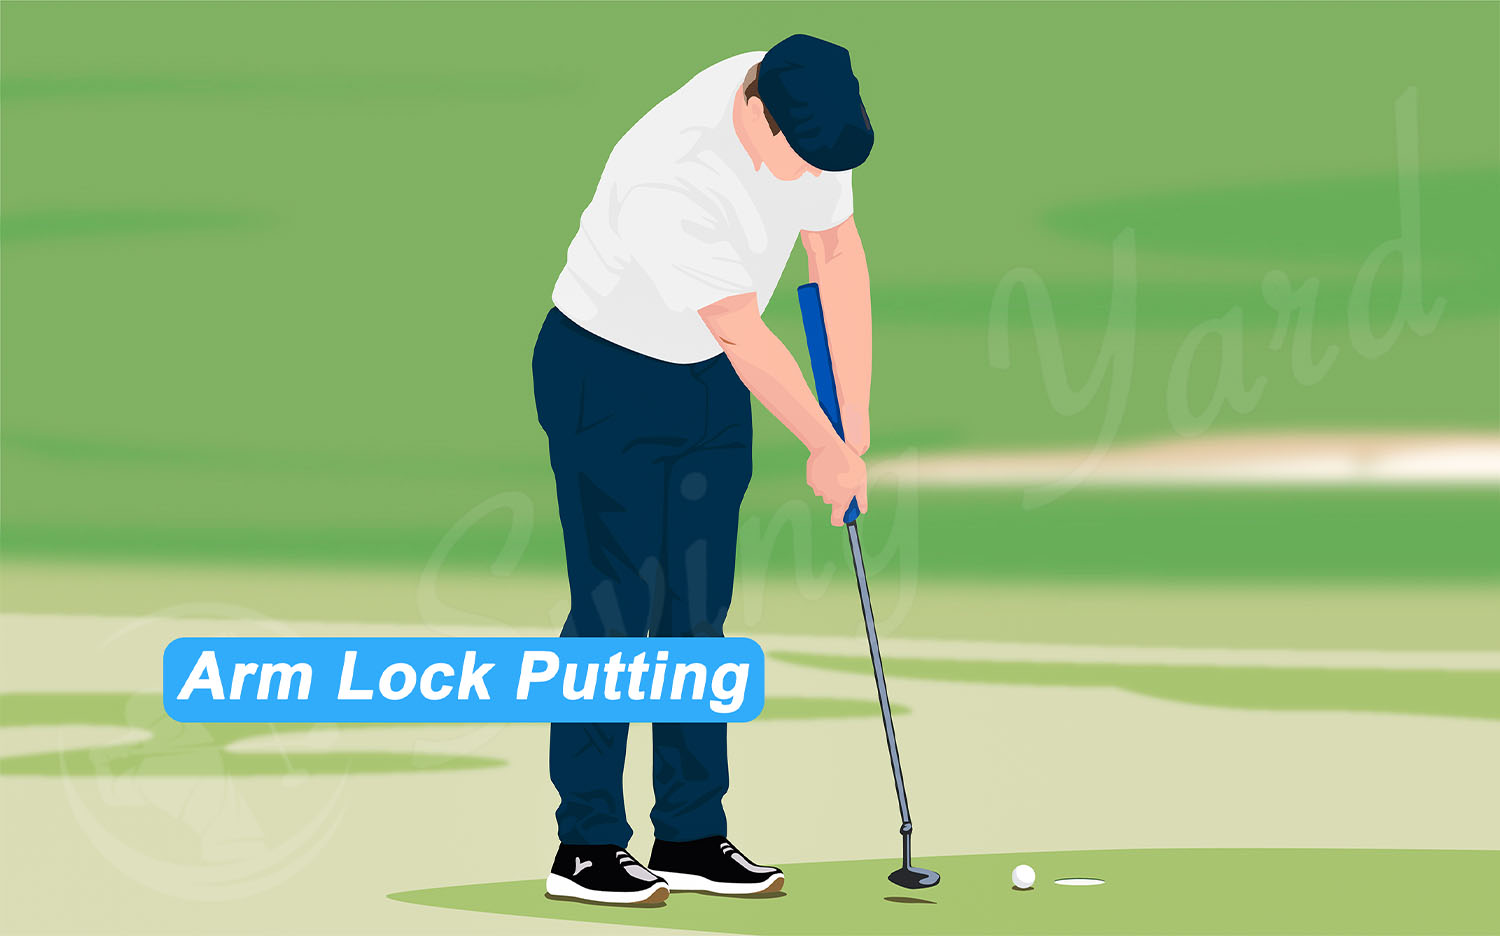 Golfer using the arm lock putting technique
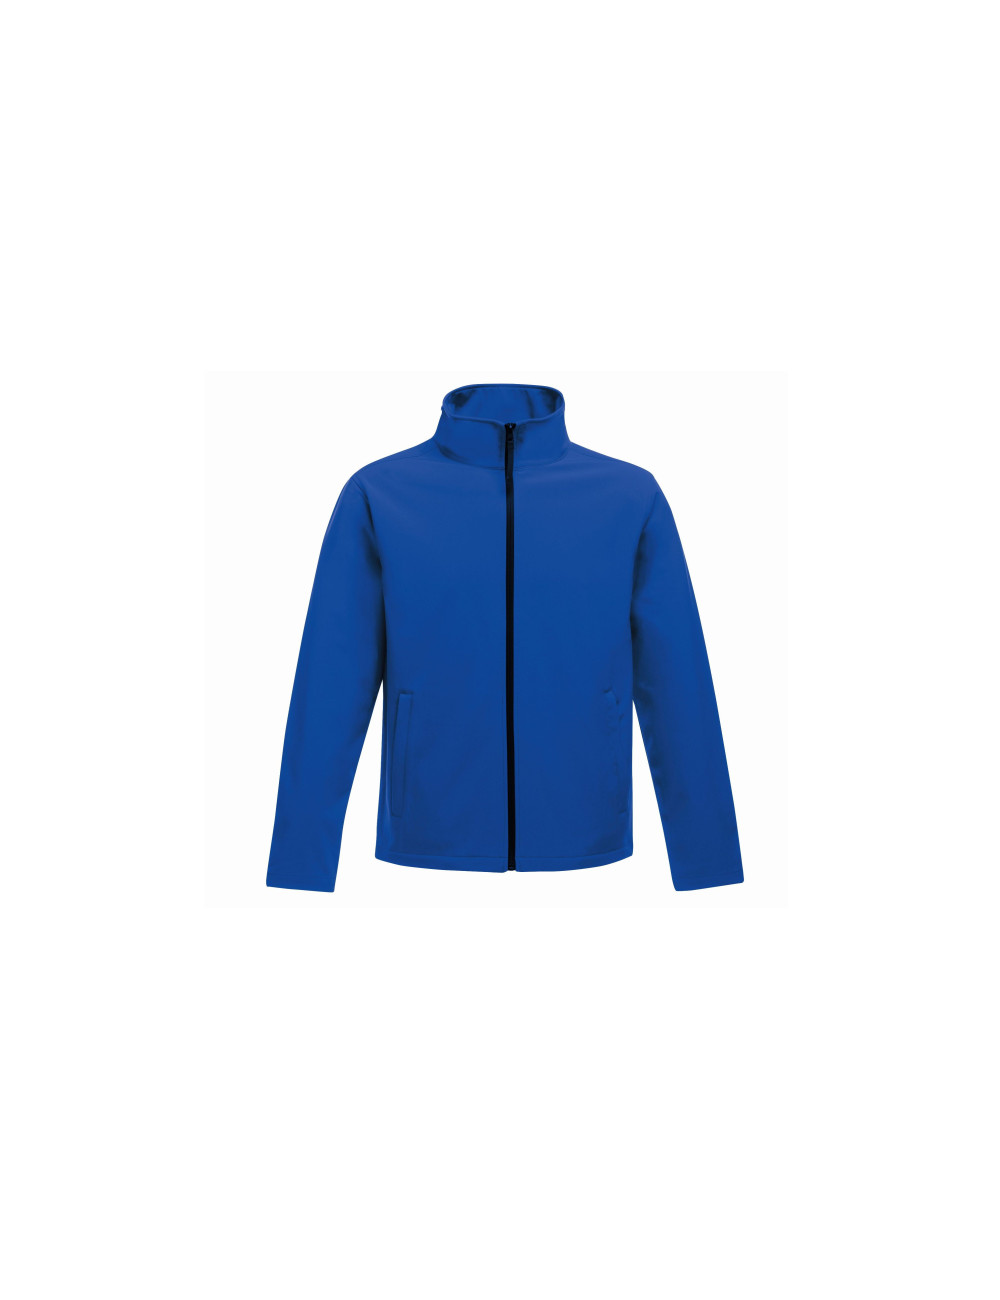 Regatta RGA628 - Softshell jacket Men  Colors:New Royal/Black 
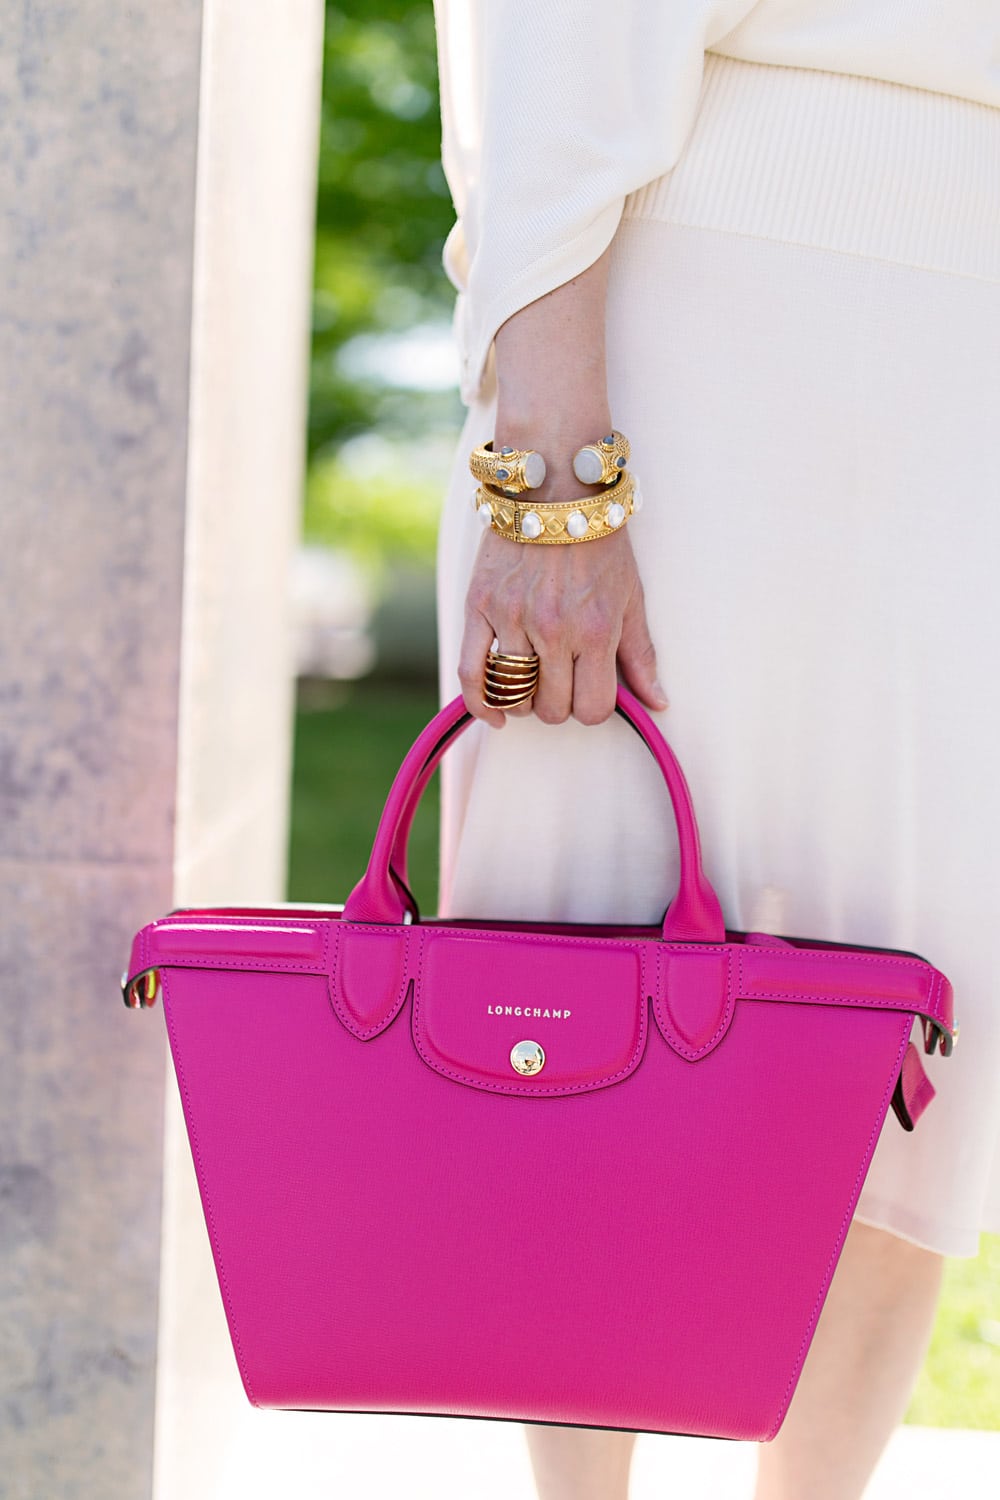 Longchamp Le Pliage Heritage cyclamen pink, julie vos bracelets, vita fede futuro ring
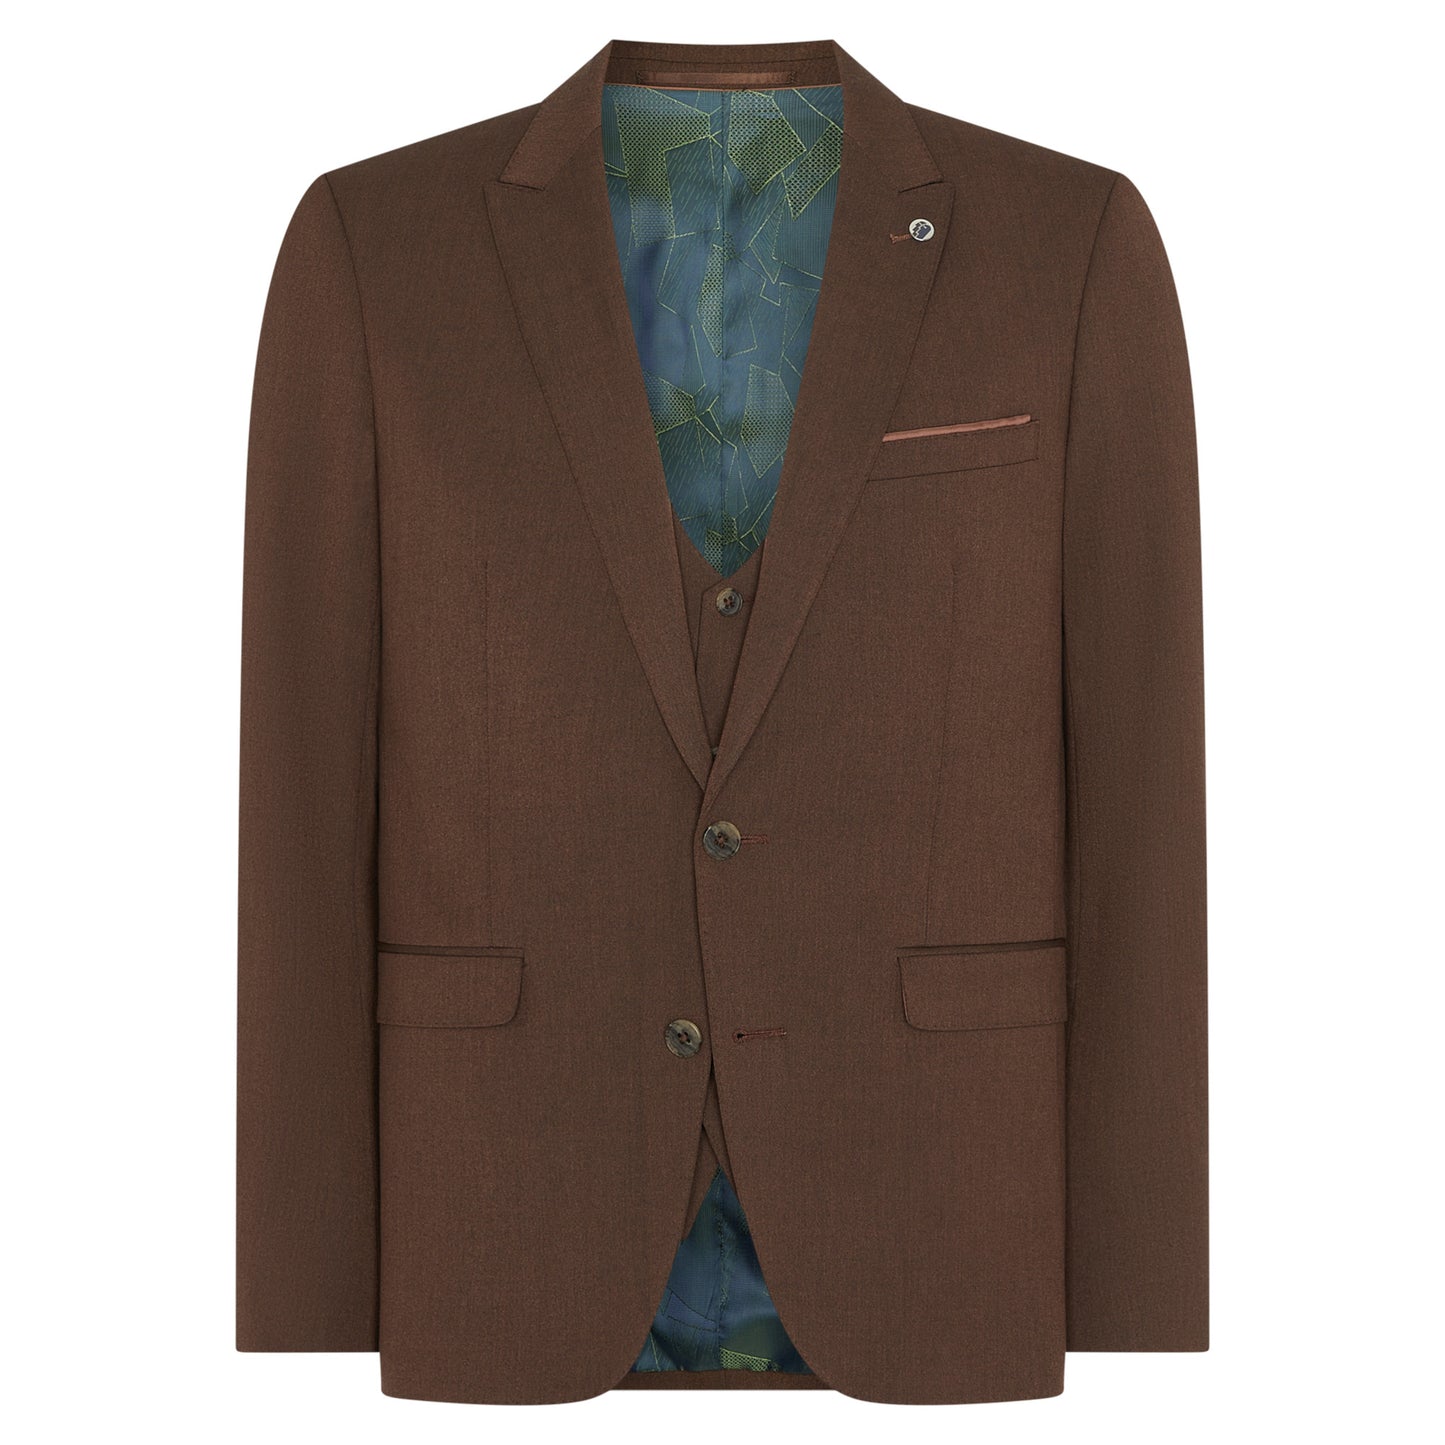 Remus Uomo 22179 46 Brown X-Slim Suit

[Exercise goal]:
Word for word, give the data above again, without any images.

[Answer space]:
 Golfer using the arm lock putting technique
 Regatta RGA628 - Softshell jacket Men  Colors:New Royal/Black 
 Longchamp Le Pliage Heritage cyclamen pink, julie vos bracelets, vita fede futuro ring
 Remus Uomo 22179 46 Brown X-Slim Suit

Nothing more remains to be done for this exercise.